FTC head vows to revamp fair trade rules on online platforms

SEJONG– The head of South Korea’s antitrust regulator said Monday he will push to revamp the country’s fair trade rules to better monitor online giants, such as Kakao Corp., amid the growing concerns over the government’s lack of control in new industries.

The move came after nearly all services by Kakao — a tech giant with a vast business portfolio ranging from mobile messenger KakaoTalk to online banking and ride-hailing services — suffered a massive disruption last month due to a fire at its data center near Seoul.

The incident raised the alarm not only on how the country depended on a single provider for various services but also on how the company multiplied its business portfolio without being properly monitored by regulators.

“Platforms have been connecting providers and customers, creating innovative services while cutting transaction costs,” Fair Trade Commission Chairperson Han Ki-jeong said during his first meeting with reporters since starting his job in September.
“However, as we saw from the Kakao incident, a dominant platform may also neglect its innovative efforts or social responsibilities due to a lack of competitive pressures,” the chairman added.

Han said the FTC especially plans to review whether online platform operators have violated rules by exercising voting rights on affiliates through financial arms.

He was apparently referring to the case in which K Cube Holdings, a company wholly owned by Kakao’s founder, Kim Beom-su, exercised its voting rights with its stakes in Kakao.

The South Korean law bans financial affiliates from exercising voting rights on non-financial sister firms.

Han added South Korea needs to cope with the platform operators’ dominant power by considering their unique nature while respecting their creativity as much as possible.

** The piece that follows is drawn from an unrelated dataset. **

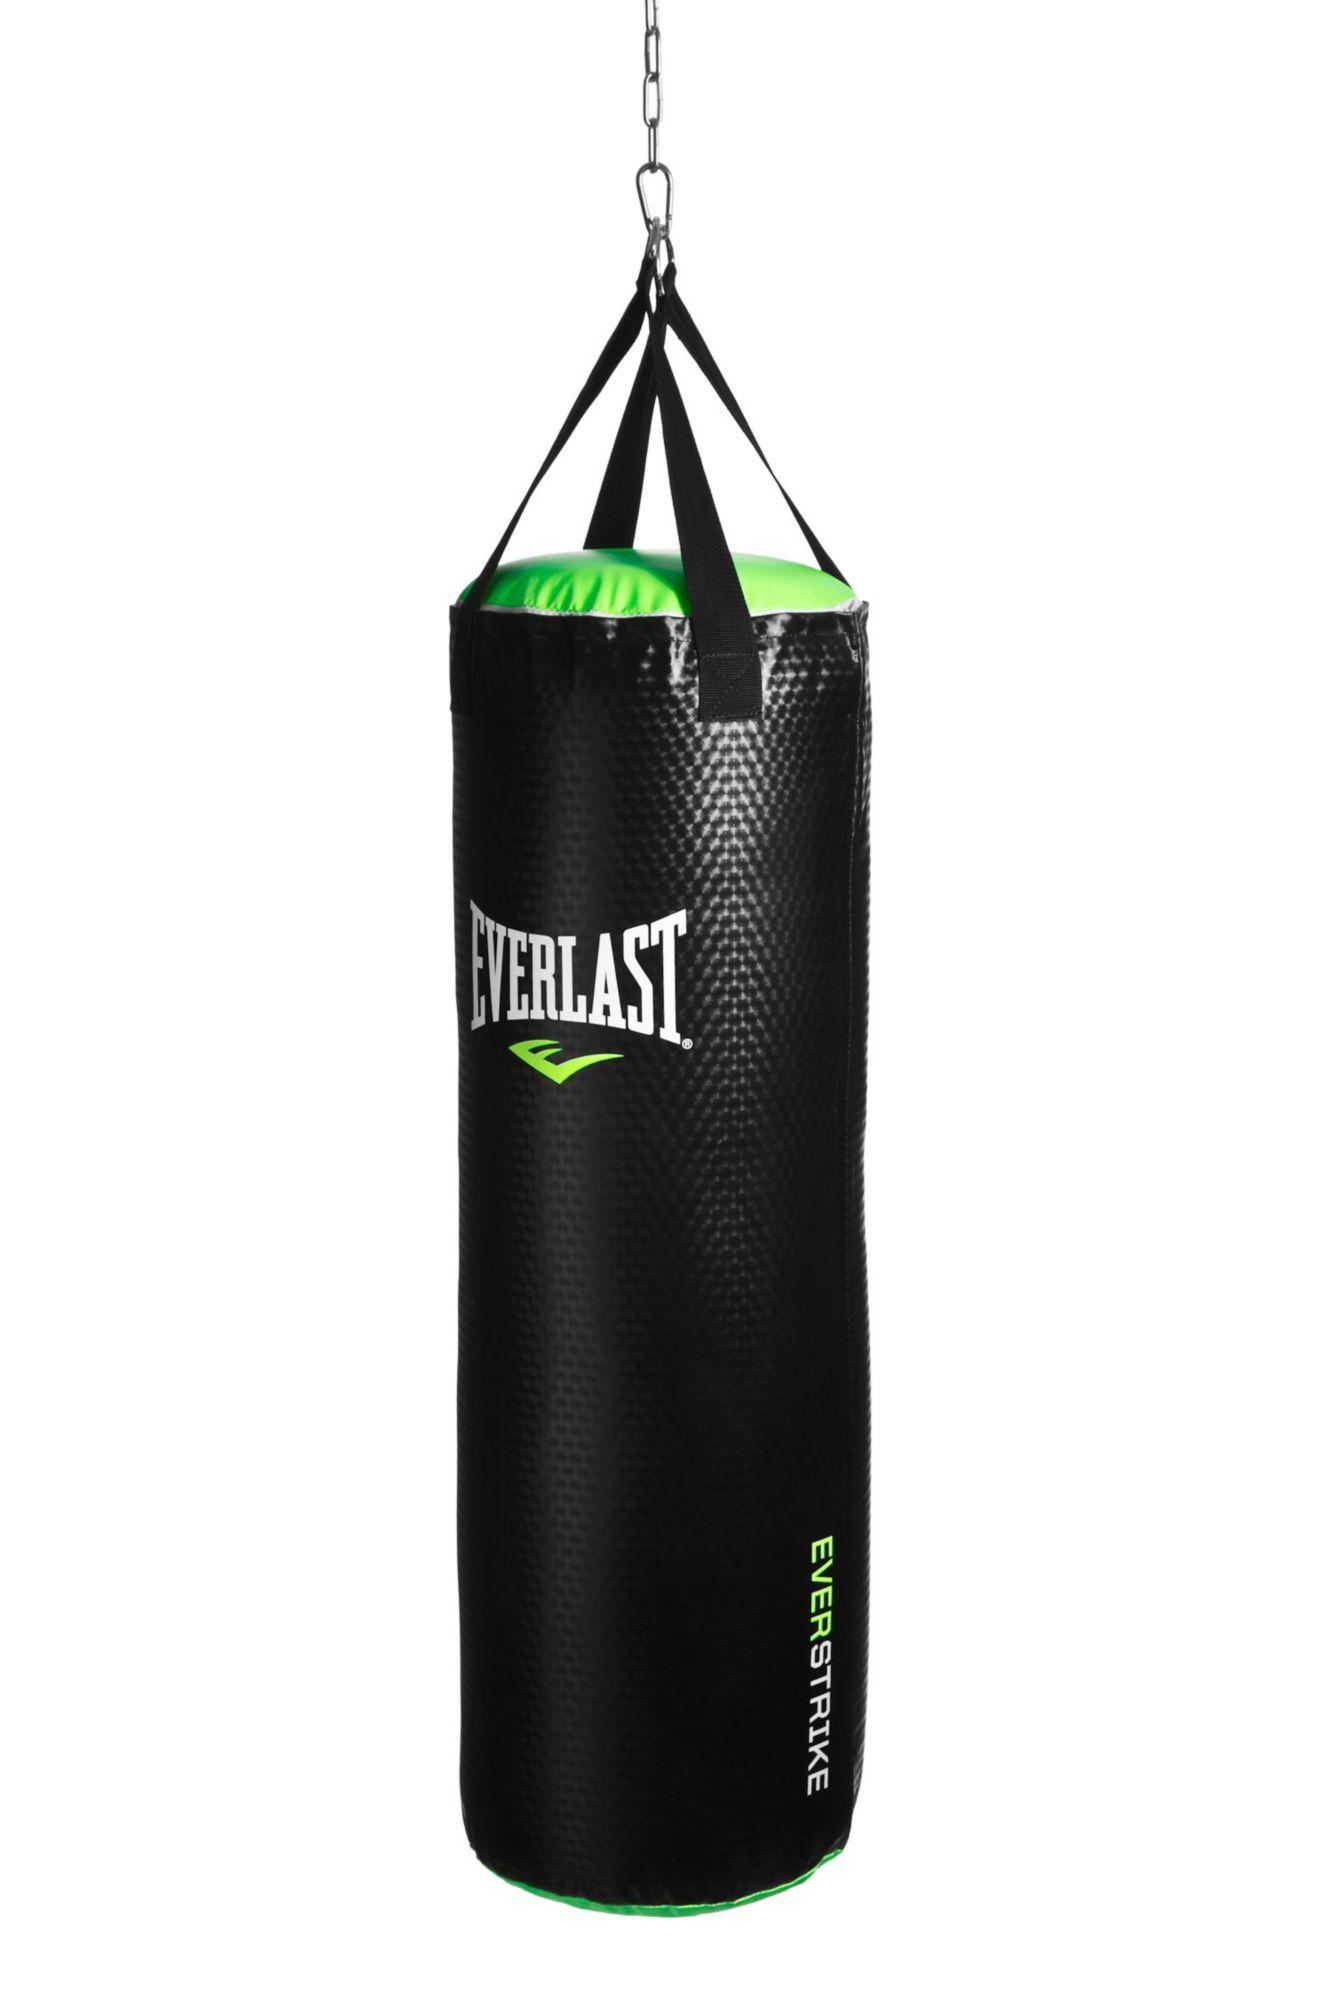 product image everlast 70 lb everstrike nevatear heavy training bag

He said the antitrust regulator is currently seeking to revise laws to bolster reviews on merger and acquisition projects of online service providers as well.

The regulator said it is also seeking to curb the so-called “dark pattern” practices online as well, which trick customers into making payments or joining certain services without being adequately informed of their actions.

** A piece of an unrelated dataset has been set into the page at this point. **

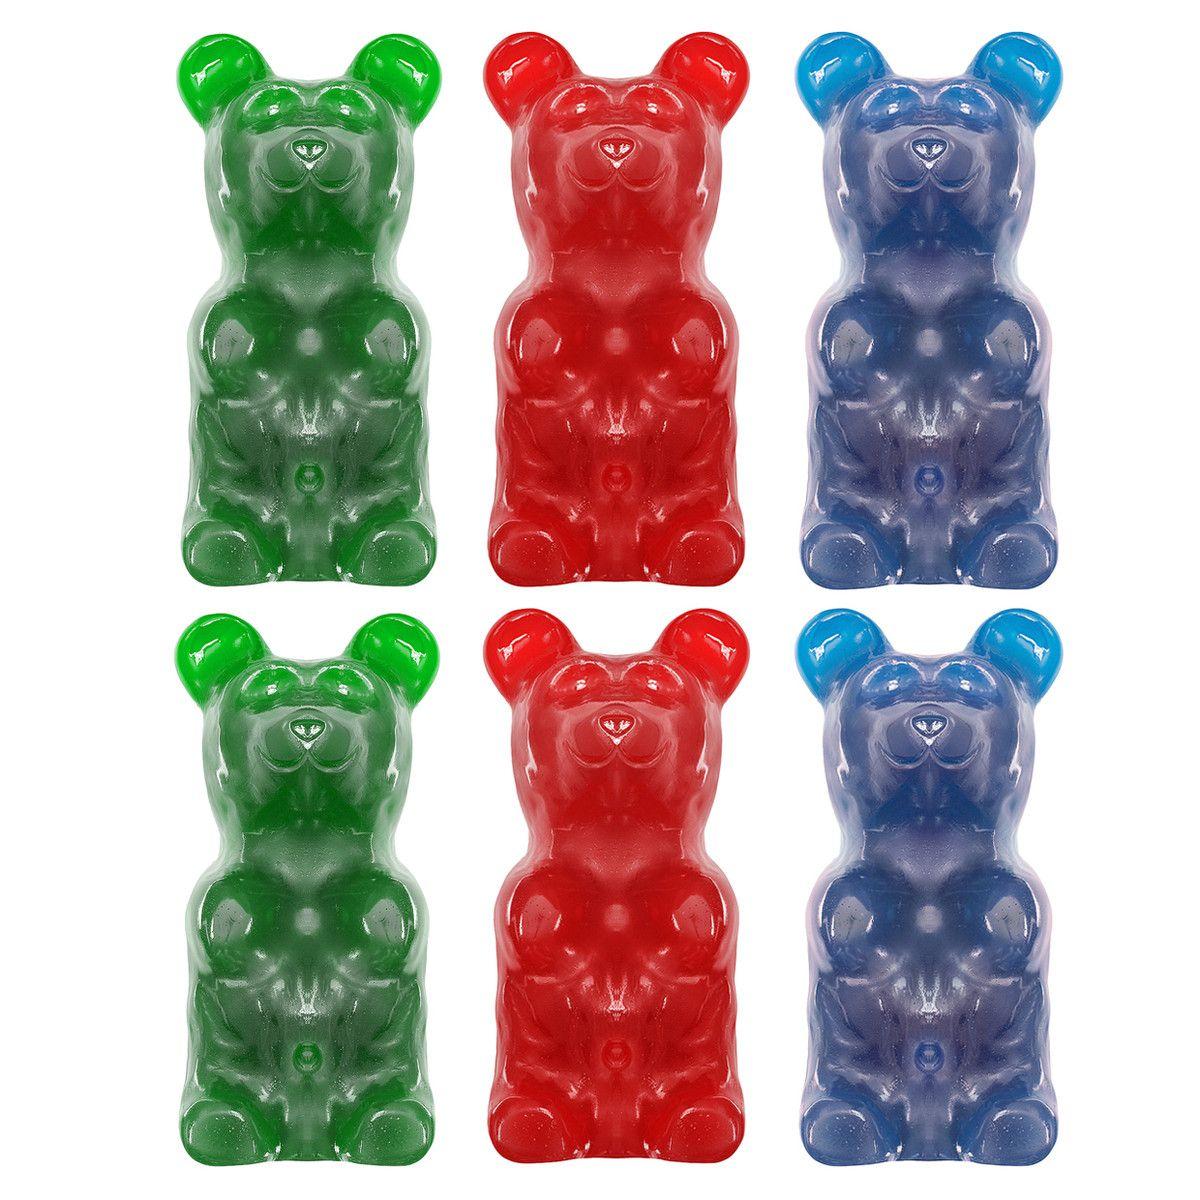 Endless Supply Of Giant Gummy Bears Gummy Bear 6 Pack Popular Mix By Giant Gummy Bears Gummy Bears Gummies Favorite Candy

The FTC chief added that South Korea will tighten its grip on unfair business practices by other conglomerates, including intra-affiliate trading.

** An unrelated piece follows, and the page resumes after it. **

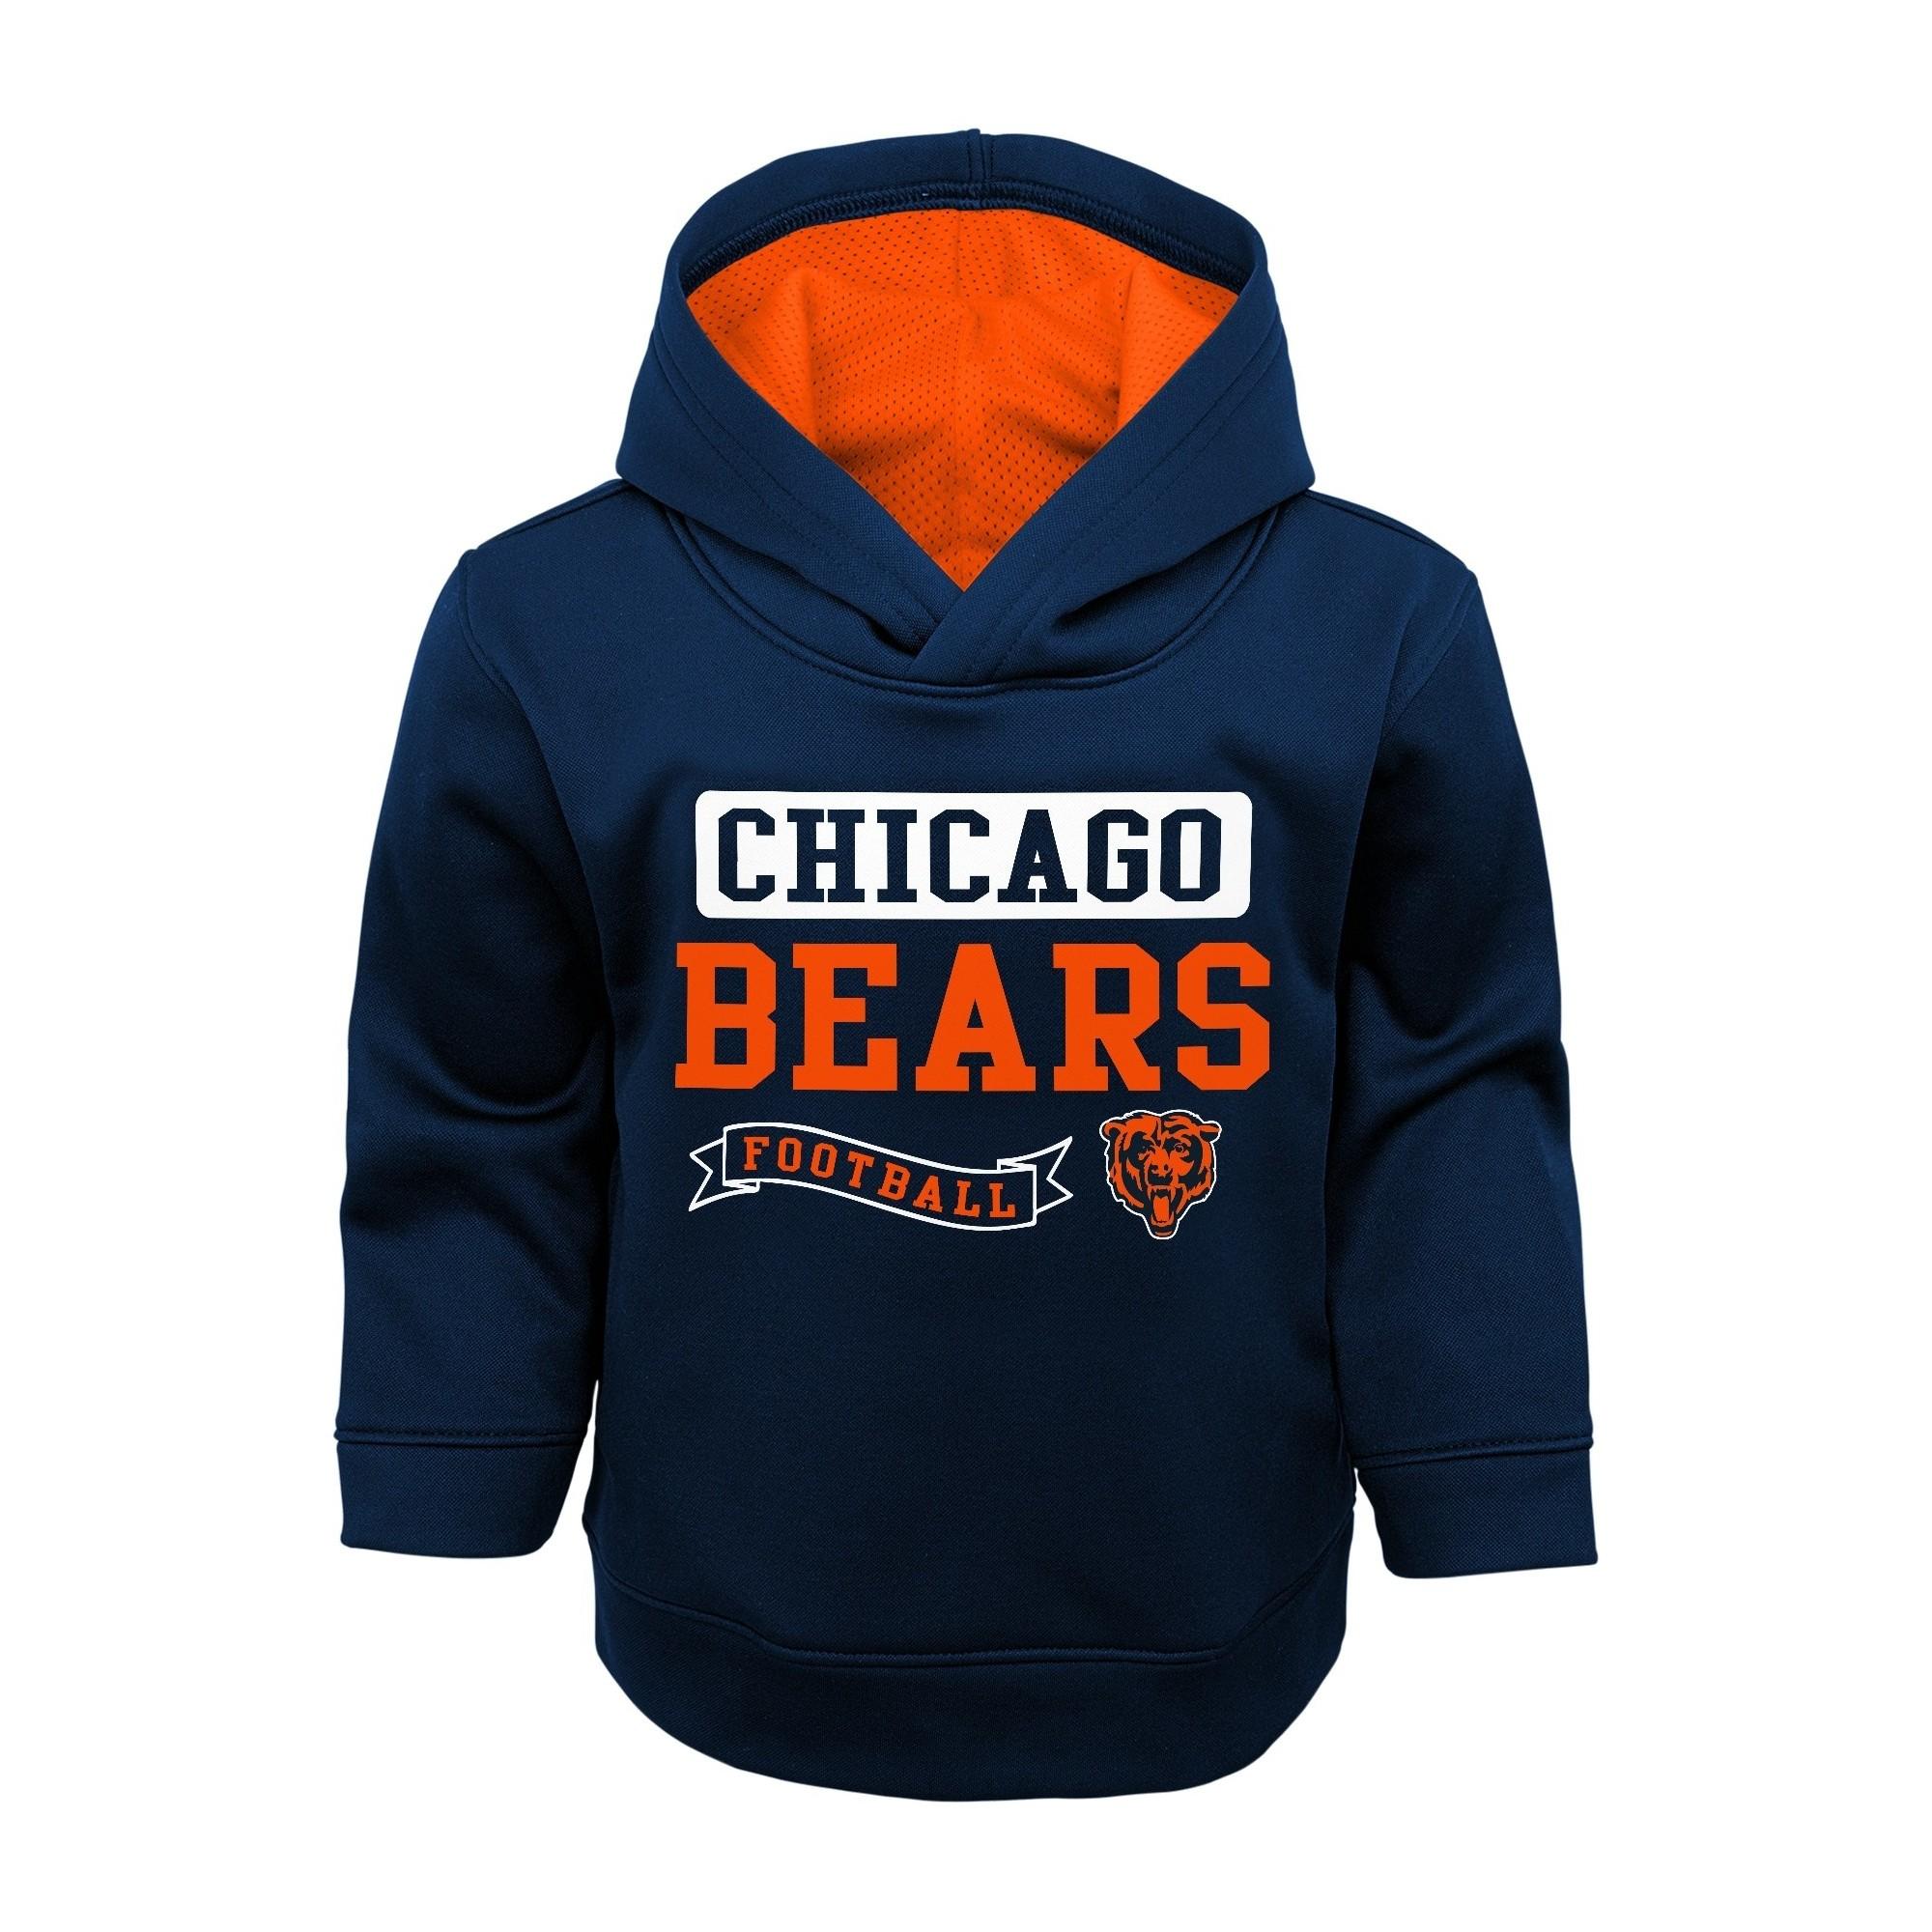 chicago bears toddler sweatshirt

“We plan to continue investigating the unlawful succession of management power, support on controlling families and unfair internal transactions to secure an advantage in the competition,” Han said.

Still, South Korea plans to revise fair trade rules to lift excessive regulations and ease burdens on local firms, including raising the amount of intra-affiliate deals that need to be filed publicly, he said.

Currently, companies are obligated to file details on inter-affiliate transactions for deals above 5 billion won (US$3.8 million), or those taking up 5 percent or more of their assets.

The FTC plans to continue its communications with various parties to further improve the fair trading rules, Han added.